Apr. 3 (GIN) – Western media pundits have all but crowned Ms. Ngozi Okonjo-Iweala of Nigeria for the position of World Bank president. If selected, she would be the first African to hold the position traditionally held by a U.S. citizen.
Nearly buried among the encomiums, are the views of skeptics that doubt that Ms. Okonjo-Iweala would bring enlightenment to an institution more known for saddling developing countries with debt and structural adjustment plans that put millions of public service employees out of work.
“Not only has the World Bank failed poor countries, with structural adjustment and other genteel forms of developmental quackery, but those countries have not enjoyed equal voting power around the very policies that affect them most,” noted Desne Masie, writing in the blog African Argument.
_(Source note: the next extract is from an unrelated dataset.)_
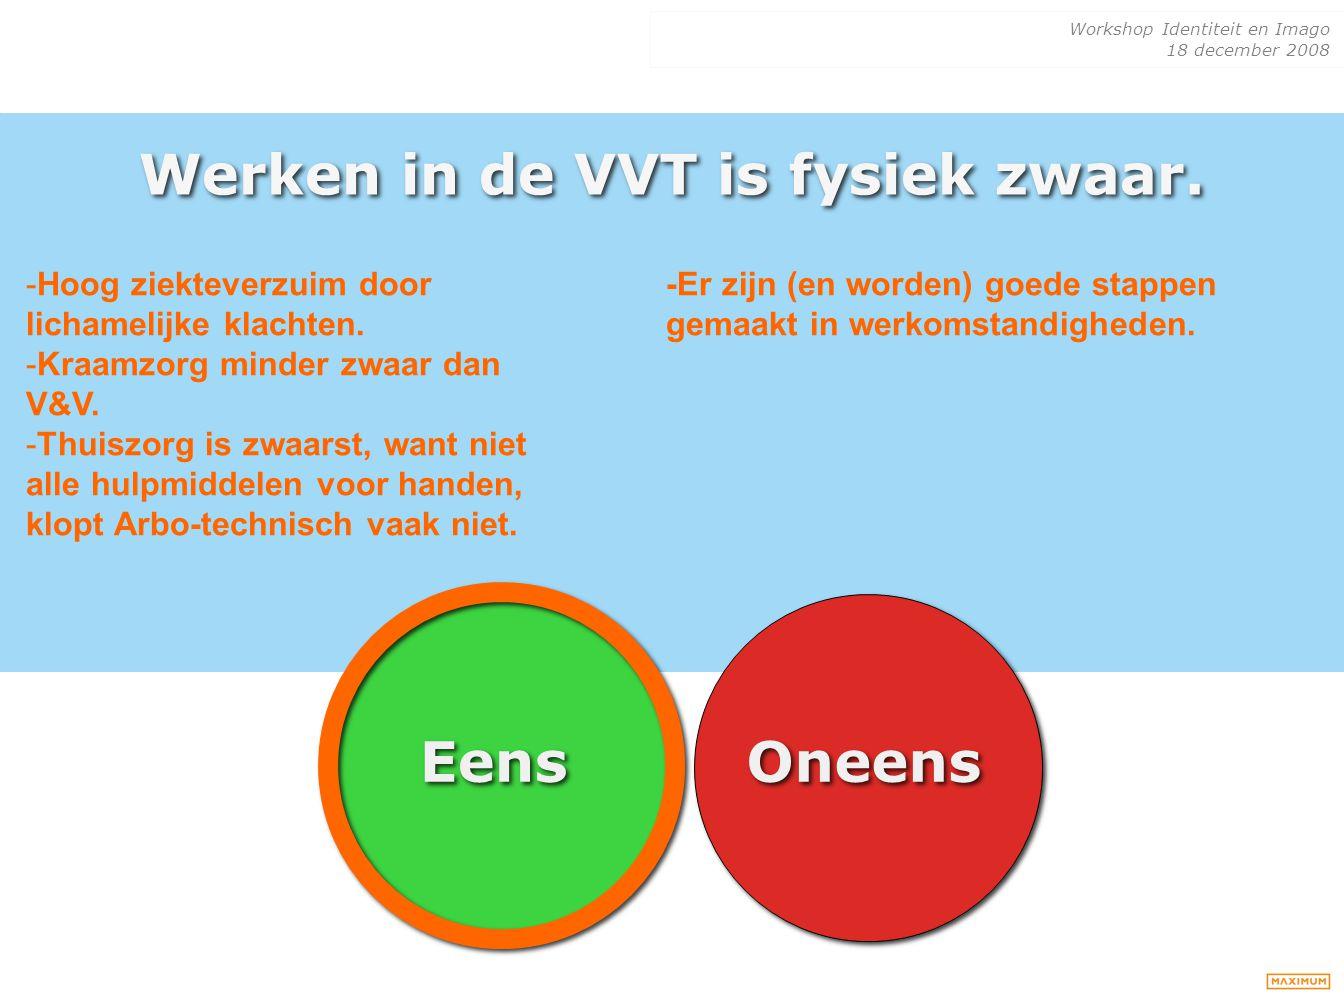 Workshop Identiteit en Imago 18 december 2008 Werken in de VVT is fysiek zwaar. Eens Oneens -Hoog ziekteverzuim door lichamelijke klachten. -Kraamzorg

“There is no guarantee that with Okonjo-Iweala as figurehead, reform and fairness in the Bank’s policies would be substantive. To clamor for a World Bank president from an emerging market is a hollow exercise altogether,” Masie asserts.
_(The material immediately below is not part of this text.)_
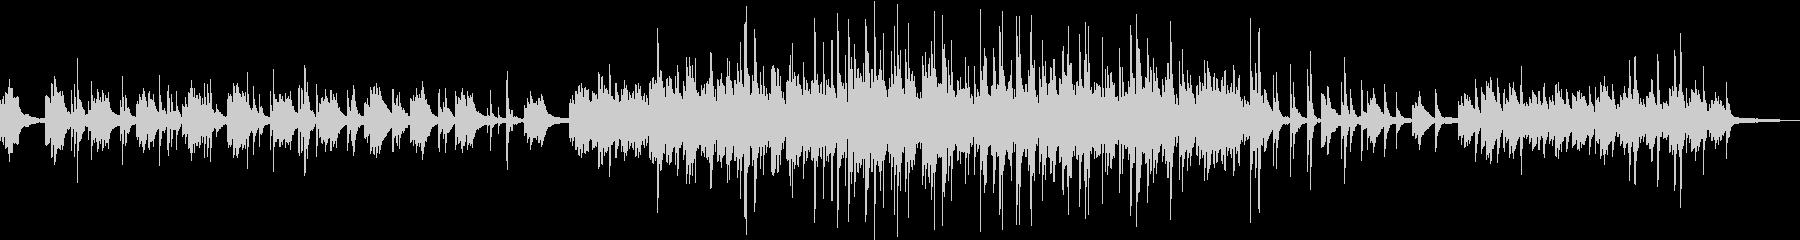 静かな海の様なヒーリングピアノバラード の未再生の波形

U.S. based educator Ikhide R. Ikheloa adds: “As an institution, the World Bank is an ancient bureaucratic relic whose time has come and gone. Now it is mostly a mean cudgel for meeting the West’s imperial needs in developing countries, aided by many of Africa’s intellectual and political elite.”
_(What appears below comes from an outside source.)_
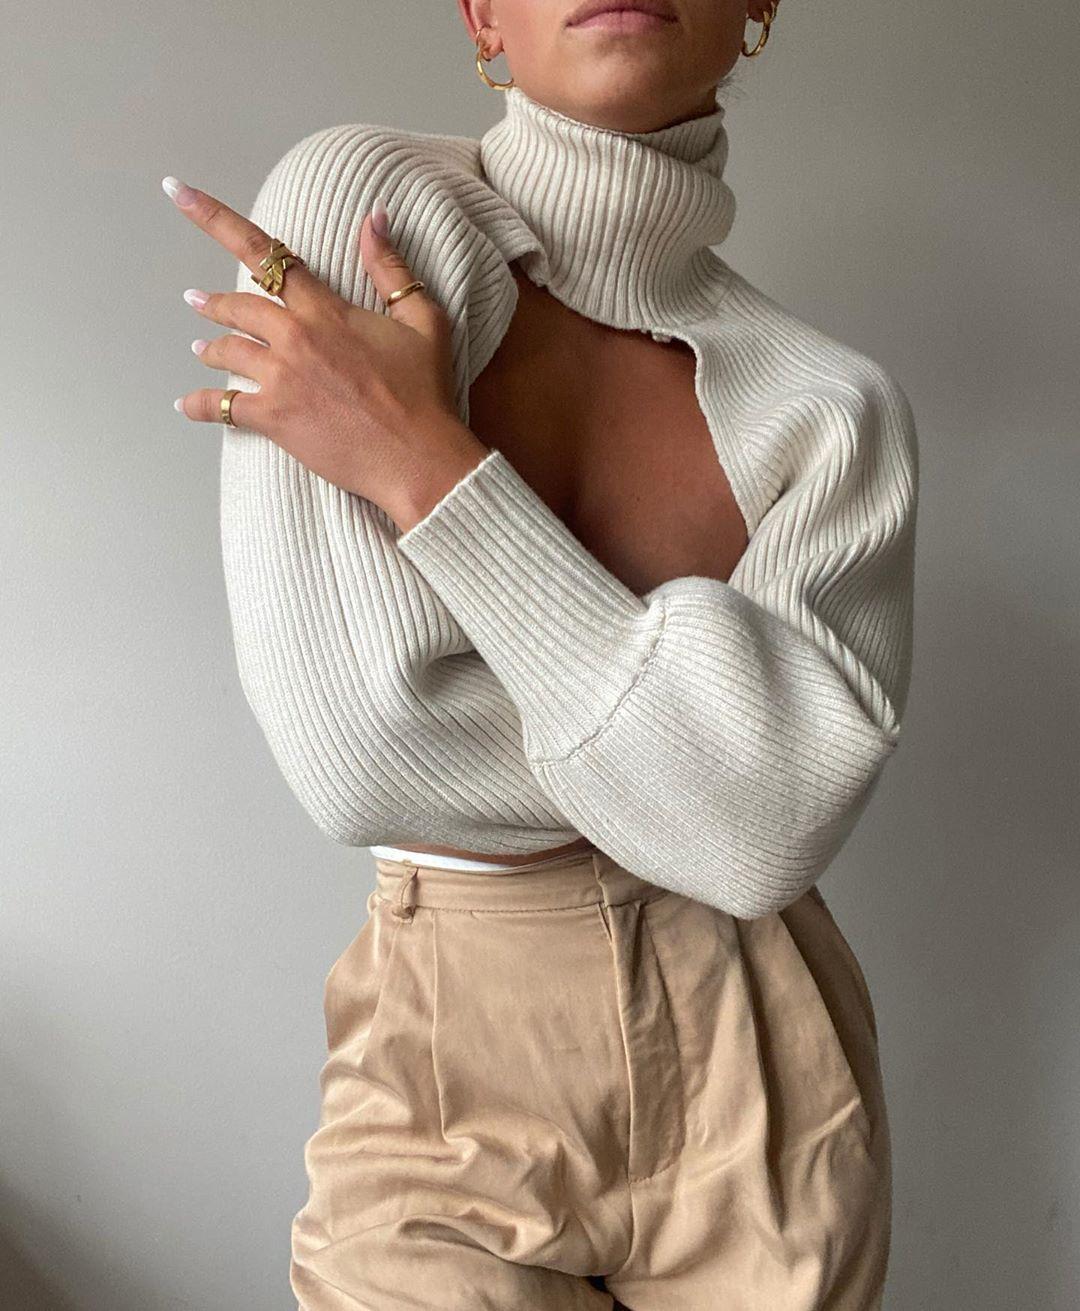 Женский свитер для девочек Однотонный свитер с высоким воротником и длинными пышными рукавами; Вязаный пуловер; Свитер для женщин, весенняя...

Ms. Okonjo-Iweala also faces questions over a Wikileaks cable by the U.S. Ambassador on the matter of corruption. According to the cable, the World Bank nominee steered public contracts to her brother worth up to $50 million. She denies the charge.
Finally, as Minister of Finance she supported the disastrous lifting of subsidies on Jan. 1. This sparked the nation’s largest mass movement when 5 million Nigerians rallied and marched to oppose the move.
Dr. Ngozi Okonjo-Iweala is scheduled to be interviewed first for the job on April 9, followed by Colombia’s Jose Antonio Ocampo and America’s Jim Yong Kim. A formal announcement is expected almost immediately, according to an inside source at the Bank.